“You can’t take me against my will.” I heard the daring sound in my voice, which was as dangerous as it was sexy. I backed away, taking two distinct steps.
“Watch me.”
“You’re crazy.”
“Some people do say I am.” He closed the distance, filthy desire oozing from every pore.
“I can’t be attracted to you.”
“Yet you are.”
“That’s not true.”
“You’re lying to yourself. I can smell your desire.” He circled me as if I was prey and for some reason, I was breathless from his actions.
Swallowing hard, I could hear the rattle in my voice and it disgusted me. “You’re already involved.”
“No, I’m not.”
“You’re lying.”
“I never lie. Now, either you walk out that door with me or I’ll carry you out. It’s entirely up to you.”
I was swooning from the look on his face alone, the possessive side of him a completely turn-on. I should hate him, refusing to go with him, even tossing him out of my classroom. Instead, what did I do?
I obeyed him.
CHAPTER 7
Grant
I’d spanked her.
I’d brought my hand down on her naked bottom in the middle of a classroom and I’d issued corporal punishment.
I’d told her that I would take her as captive if necessary.
And I’d liked it.
Hell, I’d almost dragged her into one of the school bathrooms, making good on my warning that she needed her mouth washed out with soap. In truth, she did. Kerri was as infuriating as she was beautiful.
What in God’s name was wrong with me?
All I could think about was ripping off her clothes, basking in the beauty of her naked body before doing sinful things to her, thrusting my cock into every hole. I wanted to capture and cage her, introducing her to my darkest carnal needs.
I could barely keep my eyes on the road, desire tearing through me. My reaction was so unusual that I’d had blue balls since the awards show. She’d worn her hair down, her long raven curls adding softness to her sculpted face and high cheekbones. She had an unassuming air about her, although I sensed she was struggling. But the way she talked about her students had captured my attention immediately. I’d heard the speech she’d made to the kid playing the piano.
I’d felt the same thing about her, hoping that her talent was heard. I’d already made more than one mental note to find out what the hell was going on with the broken system. If I could help with time, influence, or money, then so be it.

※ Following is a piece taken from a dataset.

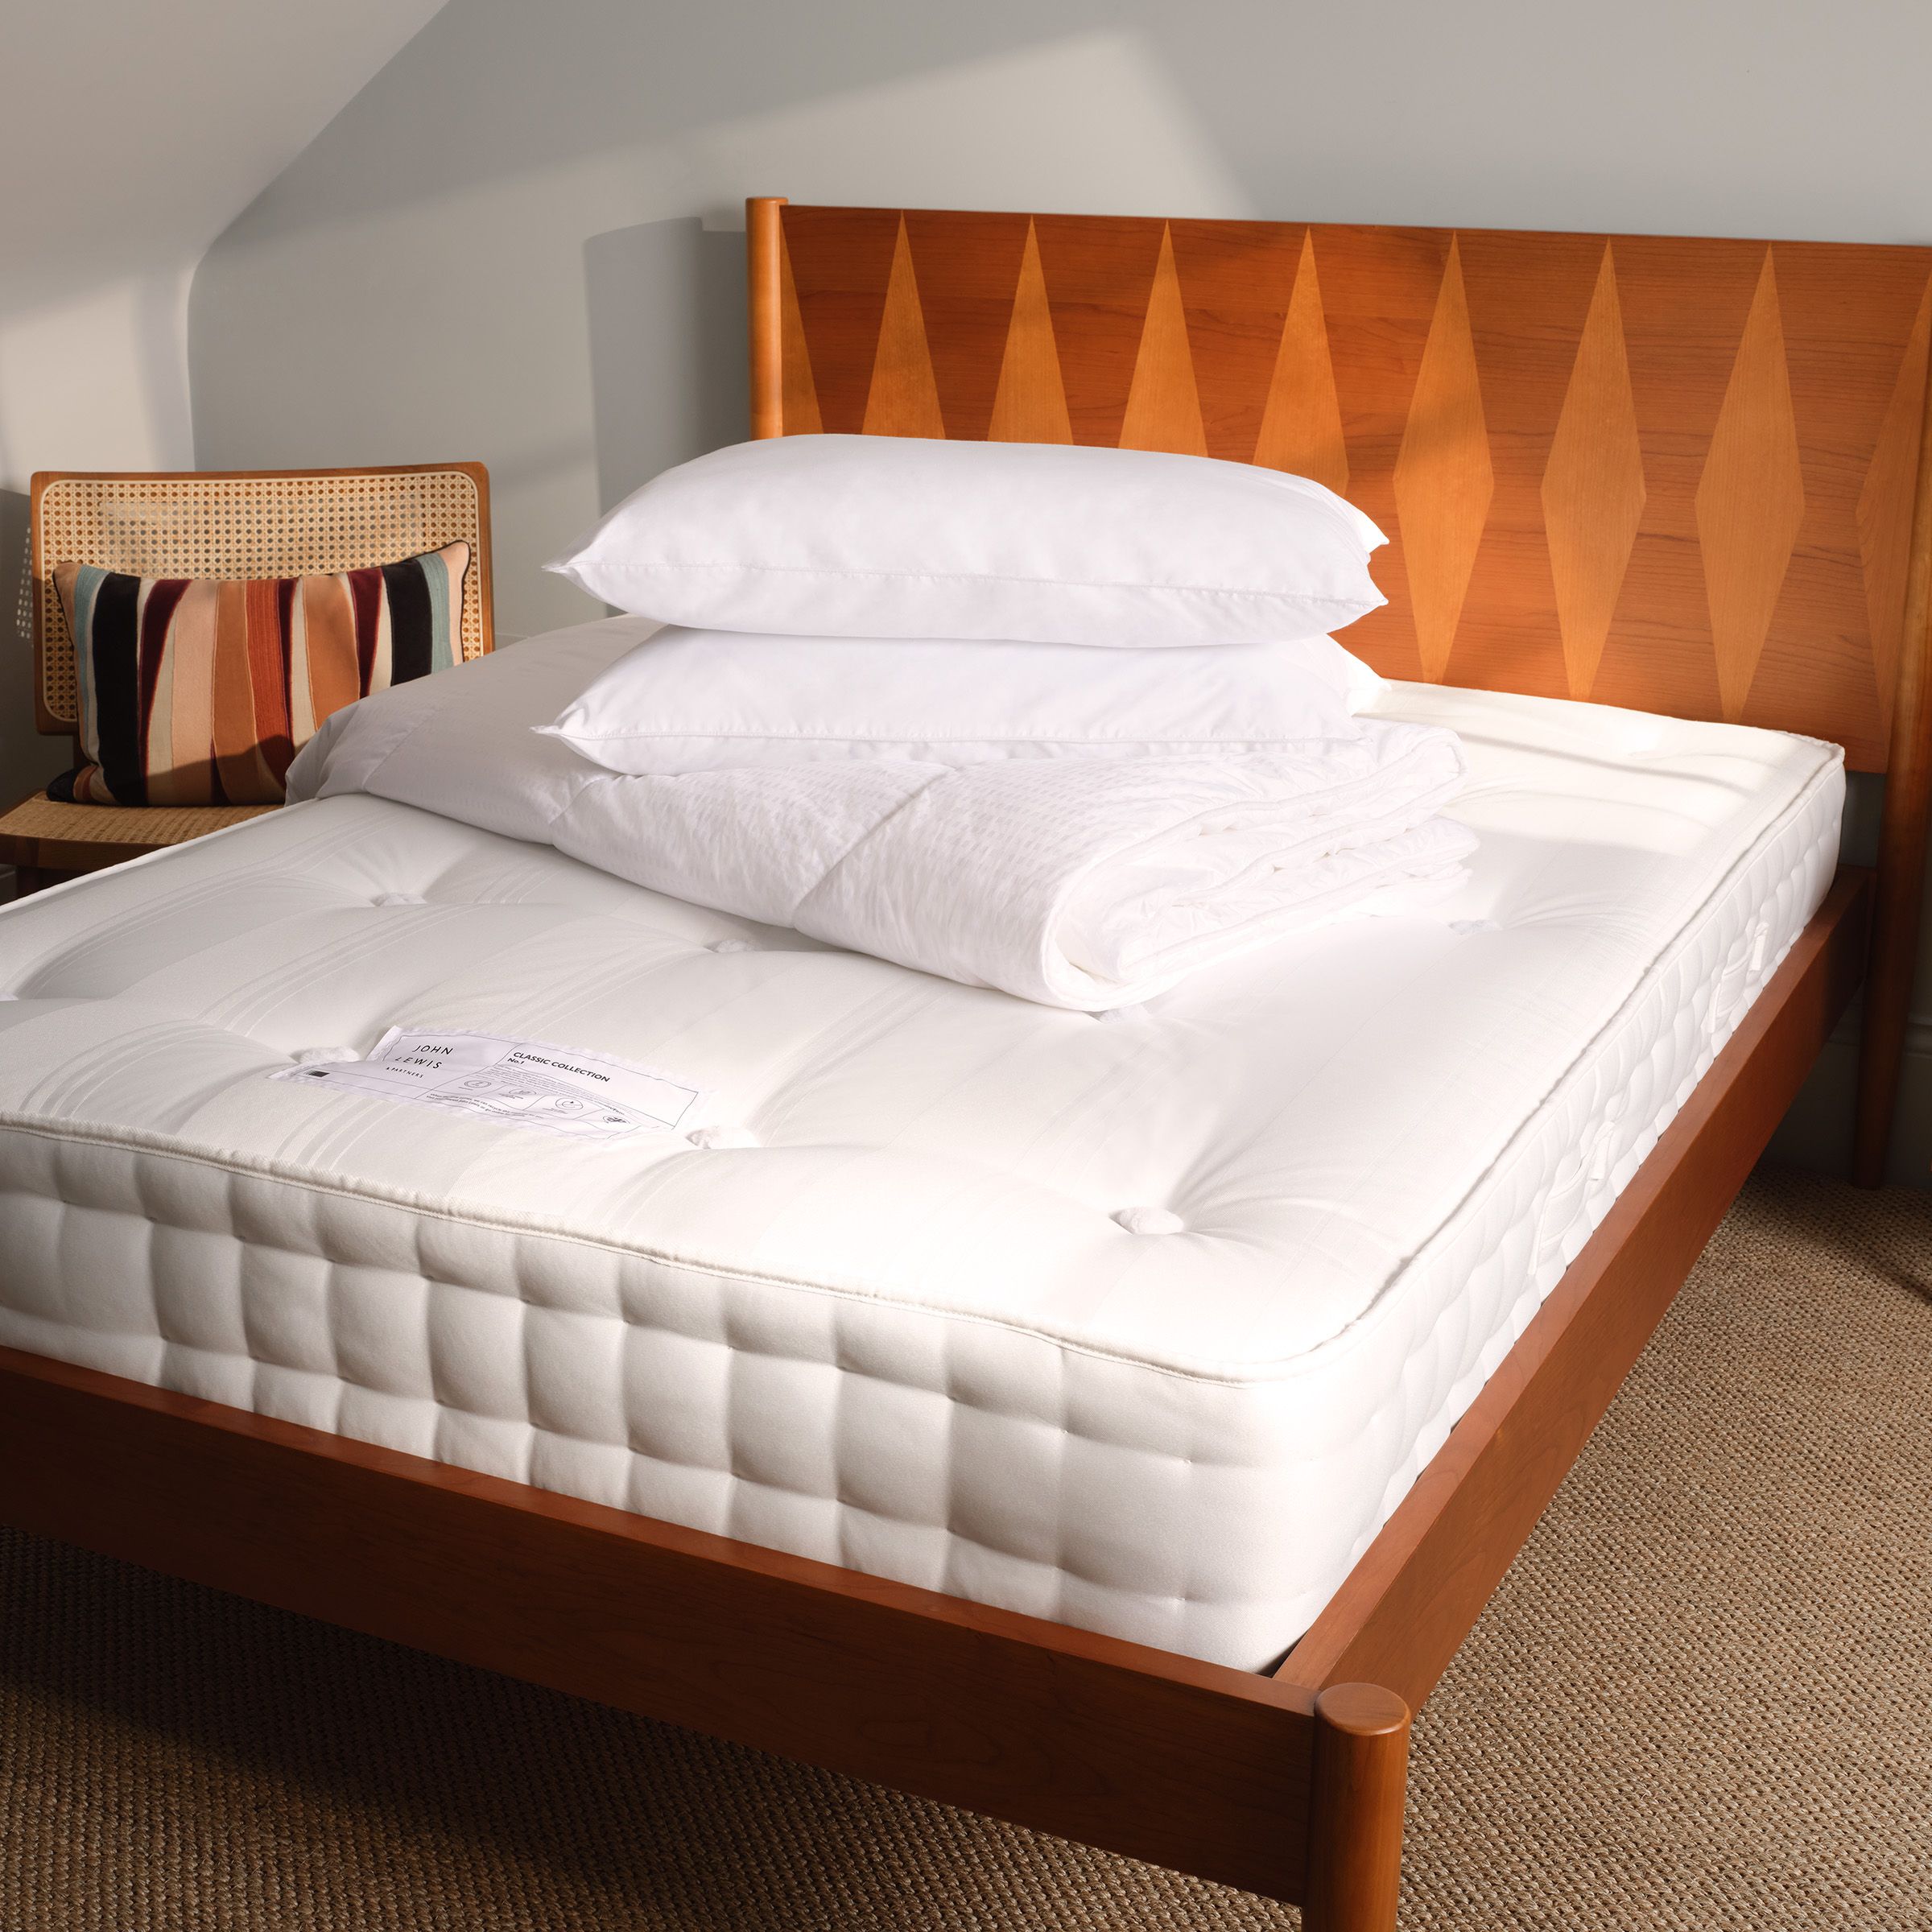 Brown bed frame with white mattress, white cushions and white duvet

Kerri was one tough cookie. I wondered even more why she wasn’t playing for an orchestra. There was no doubt she was extremely talented. Maybe that’s not what she wanted but I intended on finding out.
The woman was also as infuriating as she was exciting. It was perfectly clear she couldn’t stand me, which was obviously for two reasons. One I could fix easily. The second would be more difficult. She’d tried to tell me that she couldn’t leave, but I’d found out as much as I could about her that morning, which was very little. At least I’d learned about the teacher workday.
Now another round of filthy thoughts was replacing anything rational. However, what she’d said in the classroom had bothered the hell out of me. Where had all the money gone that I’d helped build over the last two years? Wasn’t Harry Carver High exactly the kind of school that could benefit most from the millions in funding?
Since I was on the board of directors, I made a mental note to request the latest financials. I couldn’t remember the last time they’d been offered but they hadn’t been made available for the last meeting two months before. I knew better. For God’s sake, I went over the financials for my club with a fine-tooth comb. What was wrong with me?
Exhaling, the close proximity was keeping my cock at full attention. All she needed to do was look down at my lap and she’d probably try to escape the vehicle. However, ignoring what I wanted would be difficult to control.